Mit dem Projekt H2Cycle (Hydrocycling) küssen die BASF und ihre Projektpartner eine Technologie aus dem Dornröschenschlaf, mit der schon in den 1980ern bei der VEBA in Bottrop und bei der DEA in Wesseling synthetisches Rohöl gewonnen wurde. Verpackungsmaterial und weitere Abfälle, die nicht für mechanisches Recycling geeignet sind, werden hier eingesetzt und der Prozess einer umfassenden Lifecycle-Analyse unterzogen. Erstes Ergebnis: Reduktion des CO2 Footprints um 60 Prozent mit der Option auf mehr.
Den zweiten Konferenztag eröffnete Stefan Pirker von der OMV mit einer Erinnerung an den Sirenen-Alarm um 10:00 Uhr – für die einen nur ein notwendiger Test, für die anderen Teil der Erlebnisses, in einer Raffinerie zu tagen.
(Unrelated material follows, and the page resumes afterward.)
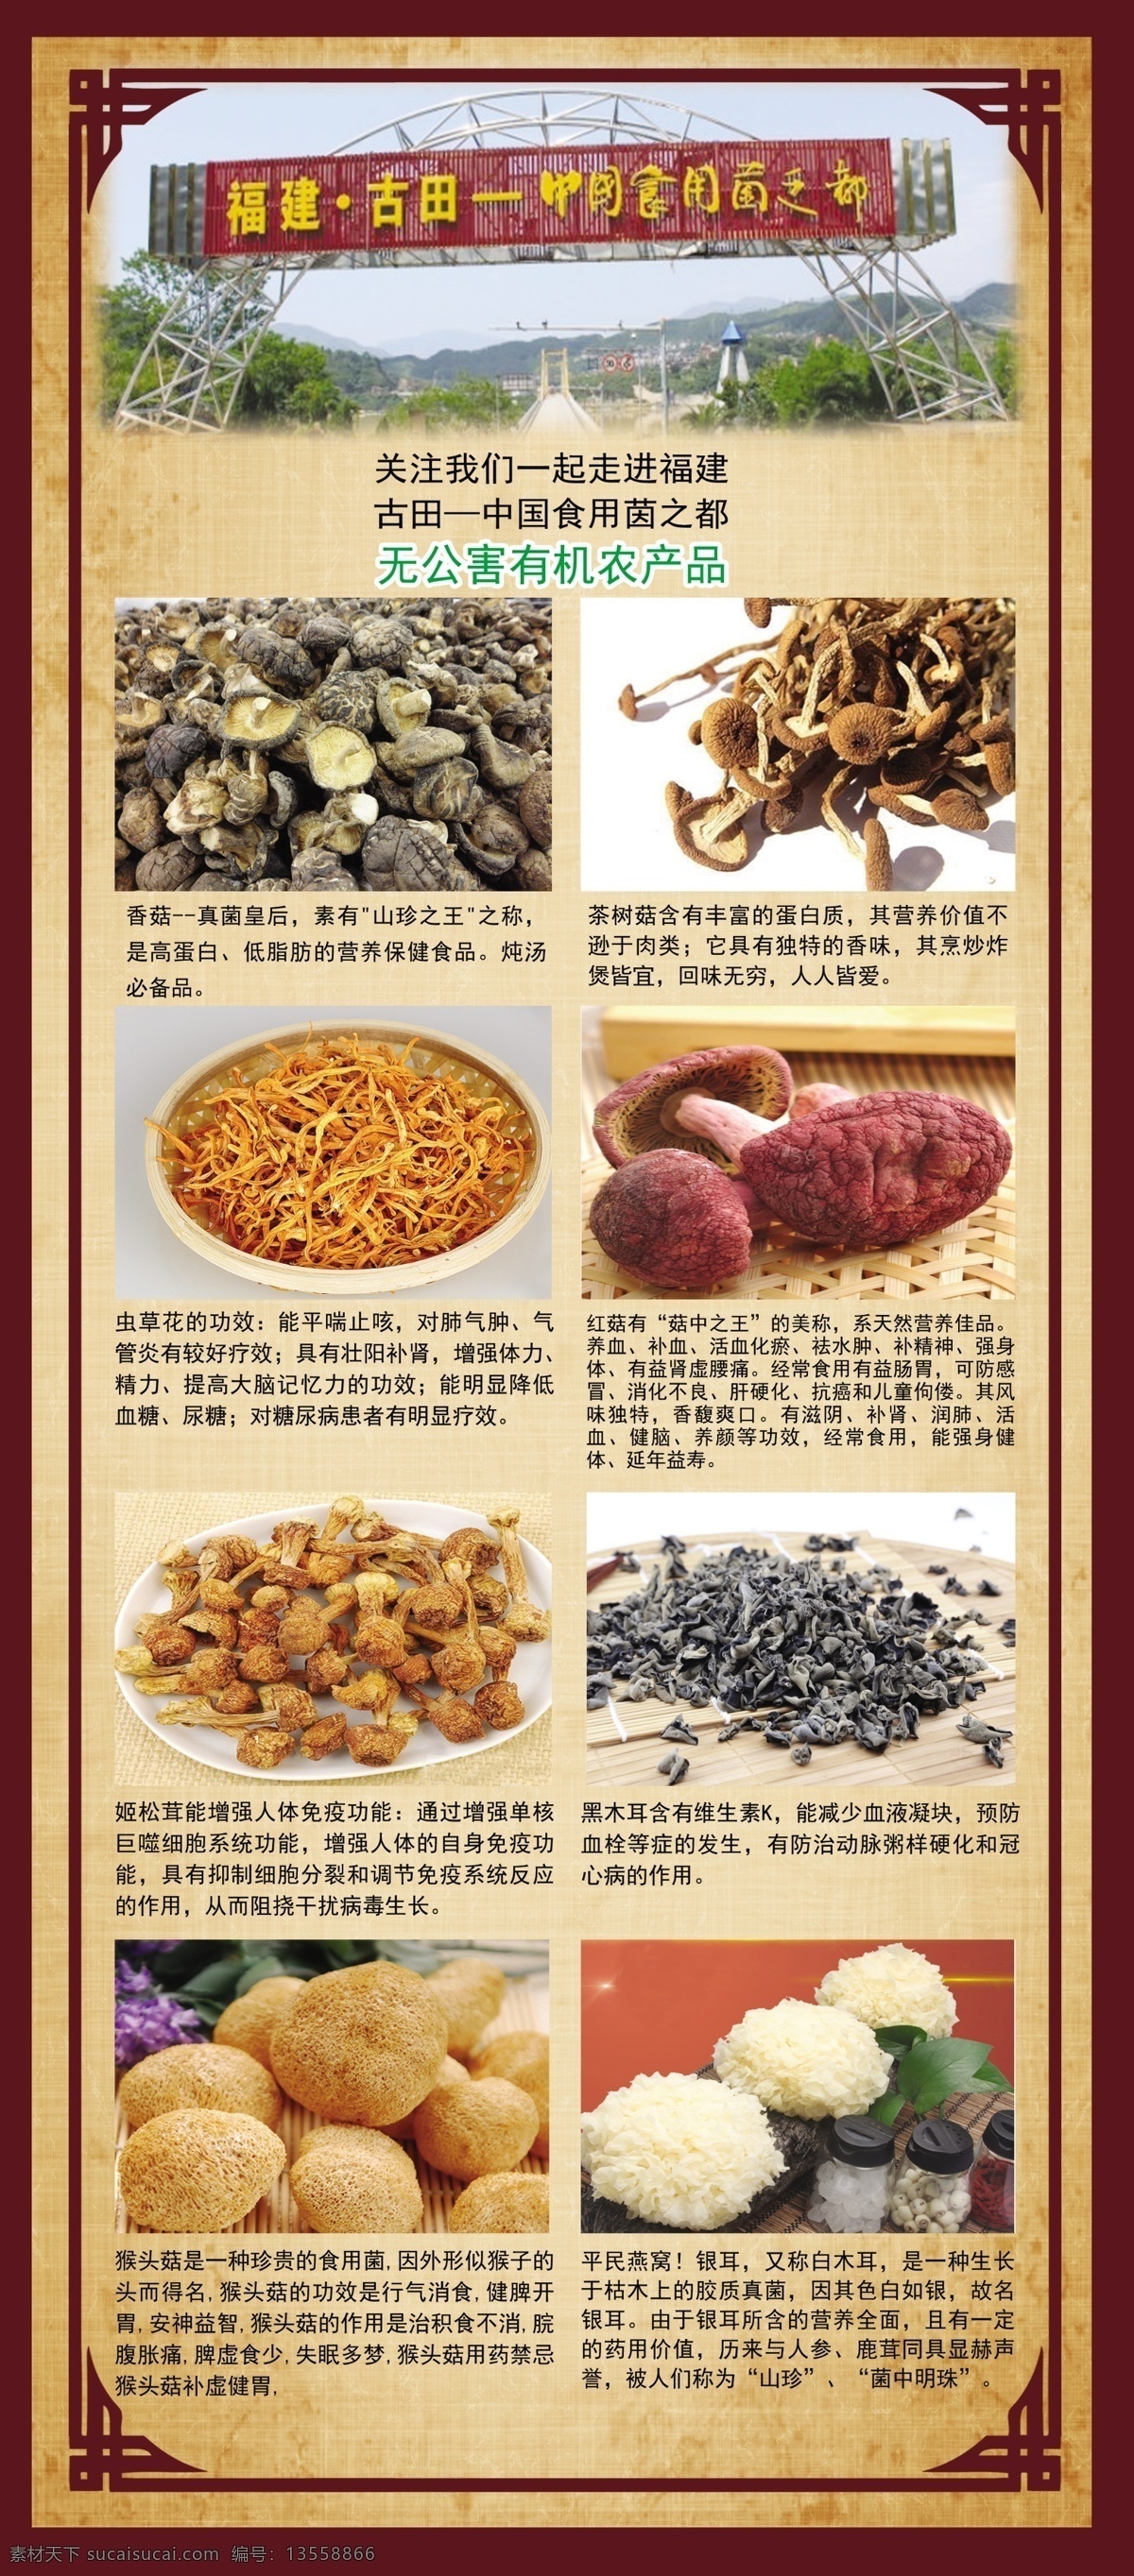 中国 食用 茵 都 蘑菇 种植养殖 食用菌 菌 茵类 有机 大棚 健康食品 烹饪 蔬菜 真菌 营养 新鲜 素食香菇 食用美食 招贴设计

Die erste Session begann mit Beiträgen von AirLiquide. In seinem Intro stellte Sebastian König die unterschiedlichen Syntheserouten für Grünes Methanol aus Plastik-Recycling dar und verglich die entsprechenden CAPEX, Yield und LCOM (Leveraged costs of methanol). Die Skalierung der Elektrolyseur-Anlagen von 1,25 MW (2018) auf 20 MW (2023) und geplanten 200 MW (2026) zeigt an, welchen Hochlauf die Produktion von Grünem Methanol erfährt.
Die Wirtschaftlichkeit von Methanolsynthese im flexiblen Betrieb nahmen Tamara Korkut und Florian Pontzen unter die Lupe, indem sie nur bei niedrigem Strompreis den zusätzlichen Elektrolyseprozess modellierten, bei sehr hohem Strompreis eine Stromerzeugung und für ca. 80 Prozent der Betriebsstunden konventionelle Methanolsysnthese. Unter aktueller Regulatorik braucht es leider für den wirschaftlichen Betrieb einer solchen Anlage Co-Generation mit Biomasse.
“The biggest chemical company, that nobody knows”. Mit diesen Worten beschrieb Andreas Neumann LyondellBasell. Er zeigte eindrucksvoll auf, wie chemisches Recycling im großen Maßstab umgesetzt wird, am Beispiel der Standorte Ferrara (Italien) und vor allem Wesseling & Hürth/Knapsack, wo ein großer Verbundstandort (“Cologne Circular Hub”) entsteht. Er betonte, dass Europa zwar steuerlich im Nachteil ist gegenüber Nordamerika, aber dafür den Vorteil hat, gut im Sammeln und Sortieren von Plastikmüll zu sein.
Alter Hut in neuem Glanz
Frank Behrendt eröffnete die letzte Session zum Thema Pyrolyse mit der Bemerkung, dass diese Technologie zwar fast so alt wie Verbrennung, also quasi ein alter Hut sei, nun aber in neuem Glanz erstrahle.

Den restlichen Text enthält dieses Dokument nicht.